3. The Gettysburg Address (1863) a. The Gettysburg Address is a speech by Abraham Lincoln and is one of the most well known speeches in United States history.

b. It was delivered by Lincoln at the dedication of the Soldiers' National Cemetery in Gettysburg, Pennsylvania, on the afternoon of Thursday, November 19, 1863, during the American Civil War, four and a half months after the Union armies defeated those of the Confederacy at the decisive Battle of Gettysburg.

c. Abraham Lincoln's carefully crafted address was just over two minutes long. In it, Lincoln invoked the principles of human equality espoused by the Declaration of Independence and redefined the Civil War as a struggle not merely for the Union, but as "a new birth of freedom" that would bring true equality to all of its citizens, and that would also create a unified nation in which states' rights were no longer dominant.

d. Beginning with the now-iconic phrase "Four score and seven years ago," Lincoln referred to the events of the Civil War and described the ceremony at Gettysburg as an opportunity not only to consecrate the grounds of a cemetery, but also to dedicate the living to the struggle to ensure that "government of the people, by the people, for the people, shall not perish from the earth."

4. The 13th Amendment a. The 13th Amendment to the United States Constitution was proposed in the House in April 1864, while the Civil War was still being fought. It proposed to outlaw slavery and involuntary servitude.

b. It did not pass in the Senate until January 1865. It finally became law in December of 1865, after the war had been over for half a year.

5. Lincoln’s Reconstruction Plan and Assassination a.
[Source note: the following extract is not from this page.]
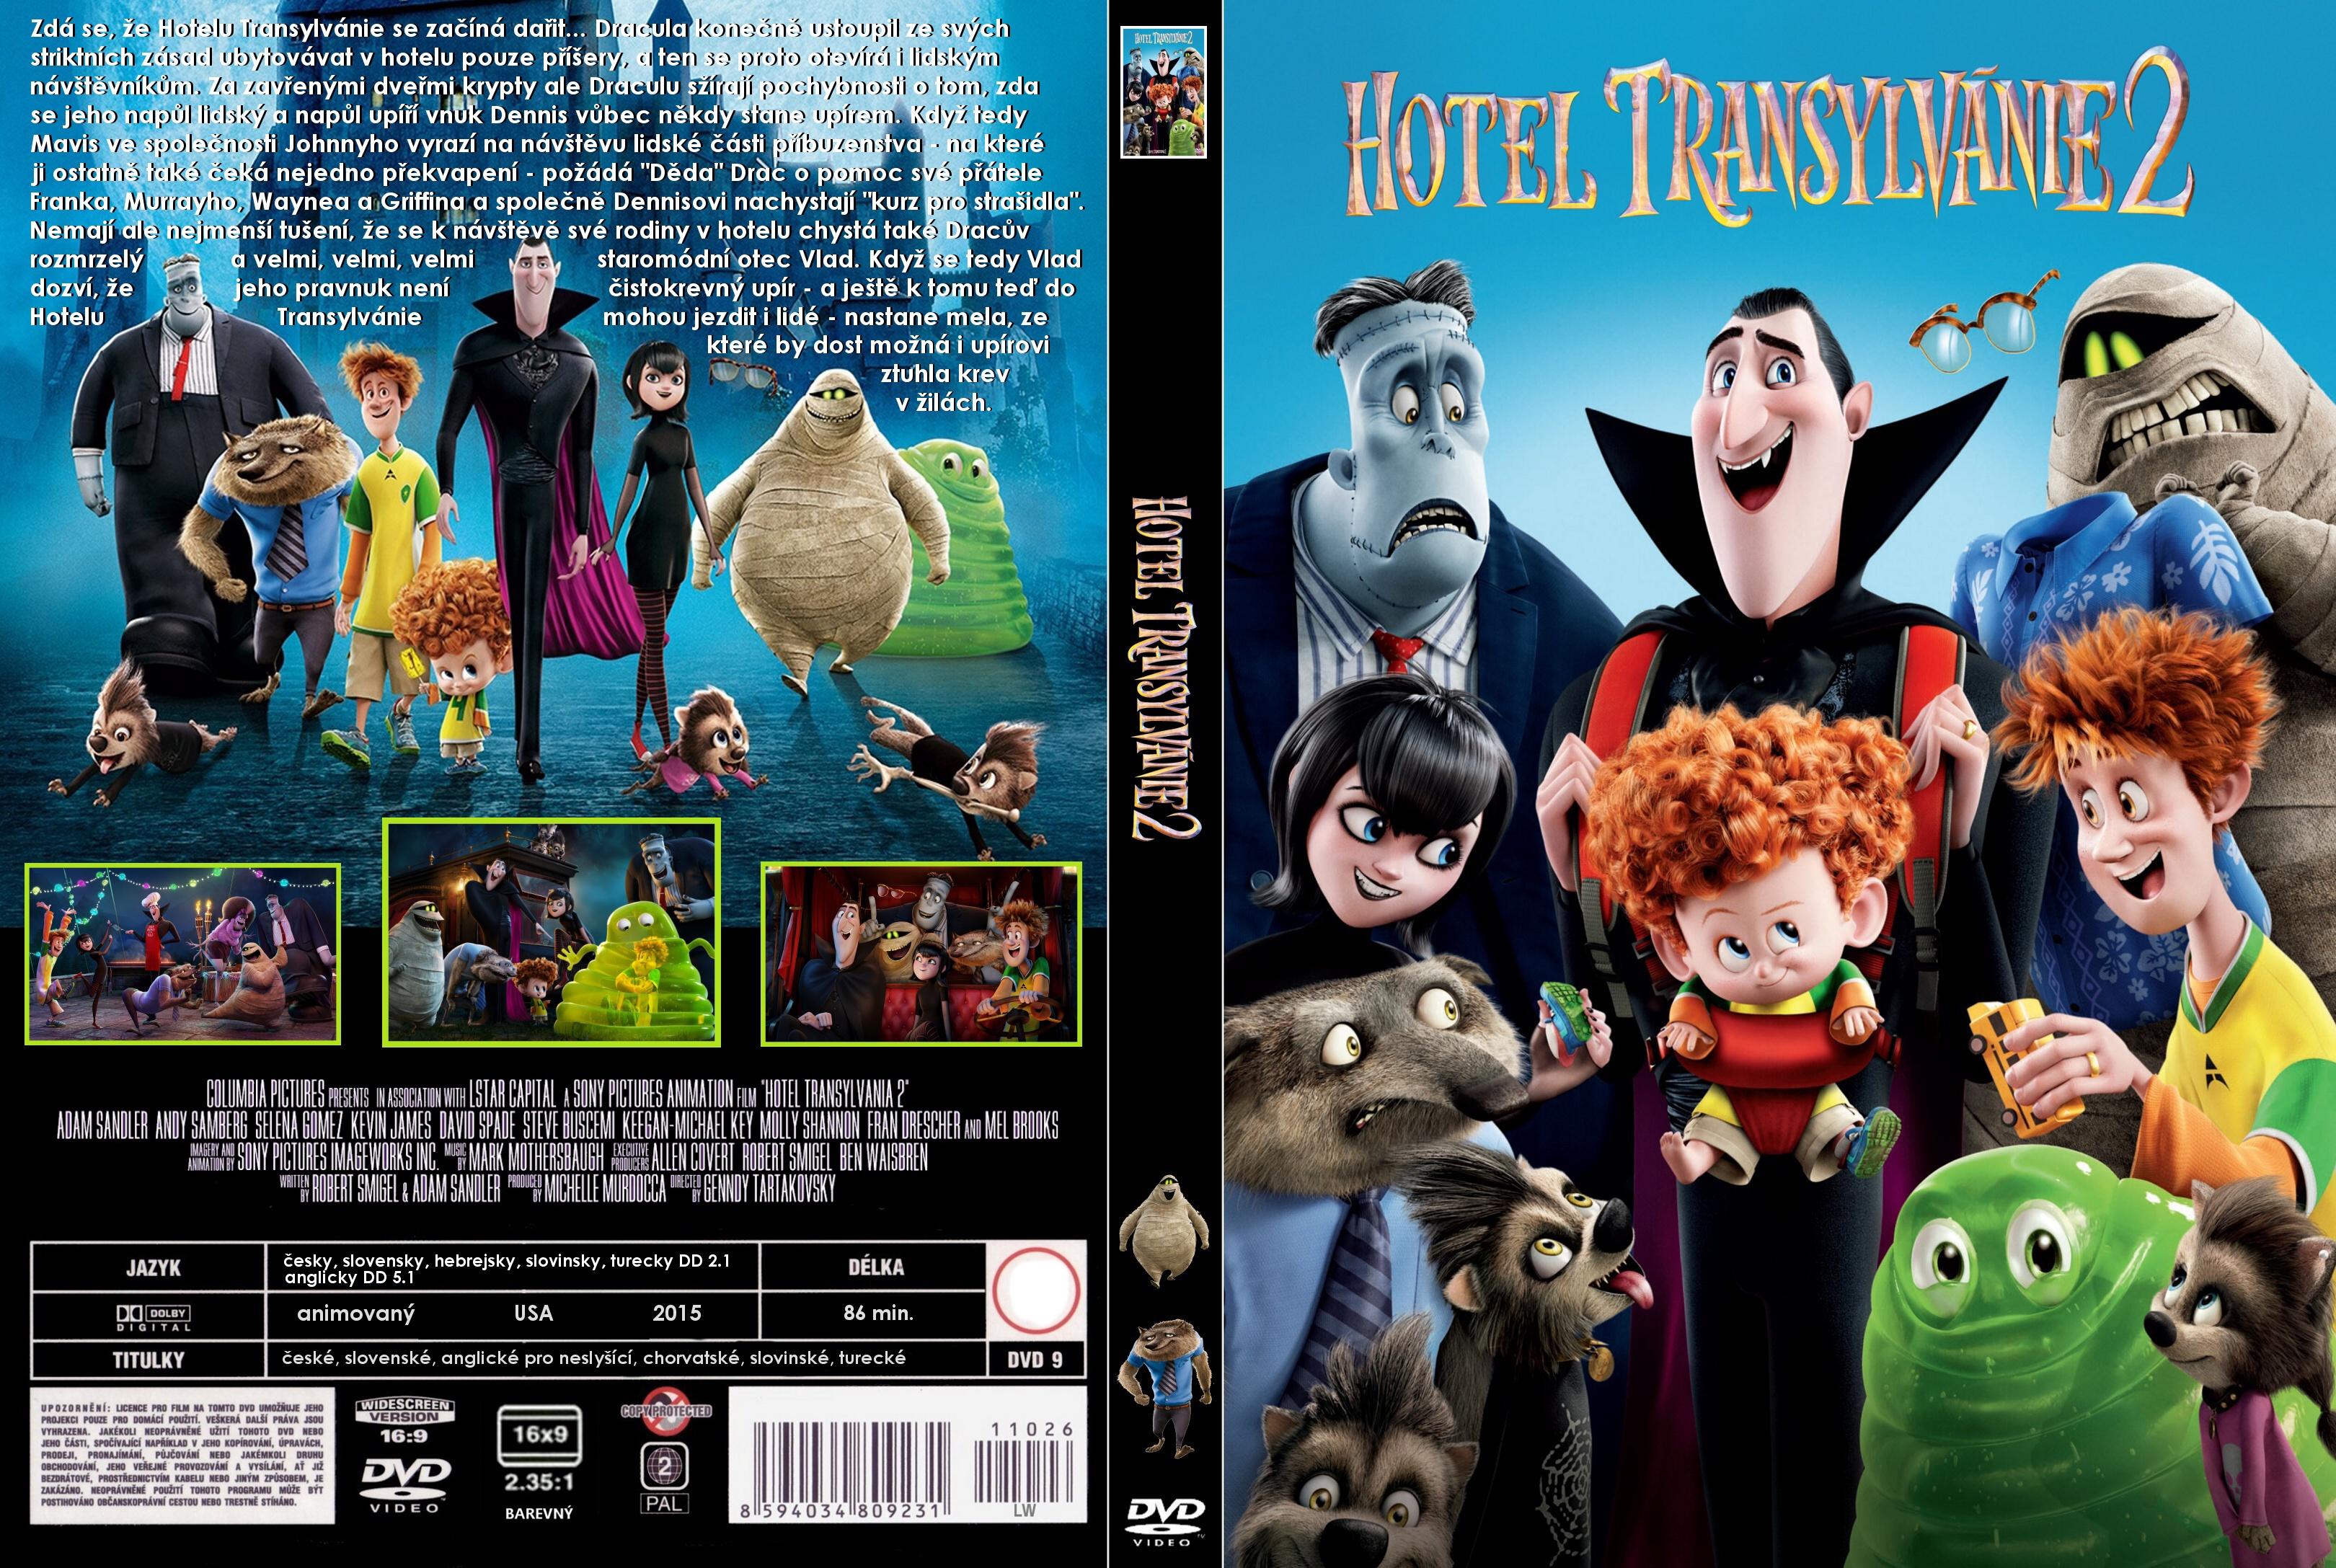 Covers Box Sk Hotel Transylvania 2 2015 High Quality Dvd Blueray Movie

Lincoln was re-elected in 1864 as the war raged. Once the war was over, Lincoln called for a plan to rebuild the nation and bring the Confederate states back into the Union. His plan was to be forgiving and sought not to punish.

b. Before his Reconstruction program was in place, Lincoln was assassinated at Ford’s Theater by southern actor John Wilkes Booth. Lincoln was the first of four American presidents to be assassinated. The death of Lincoln would put Reconstruction into a tail spin.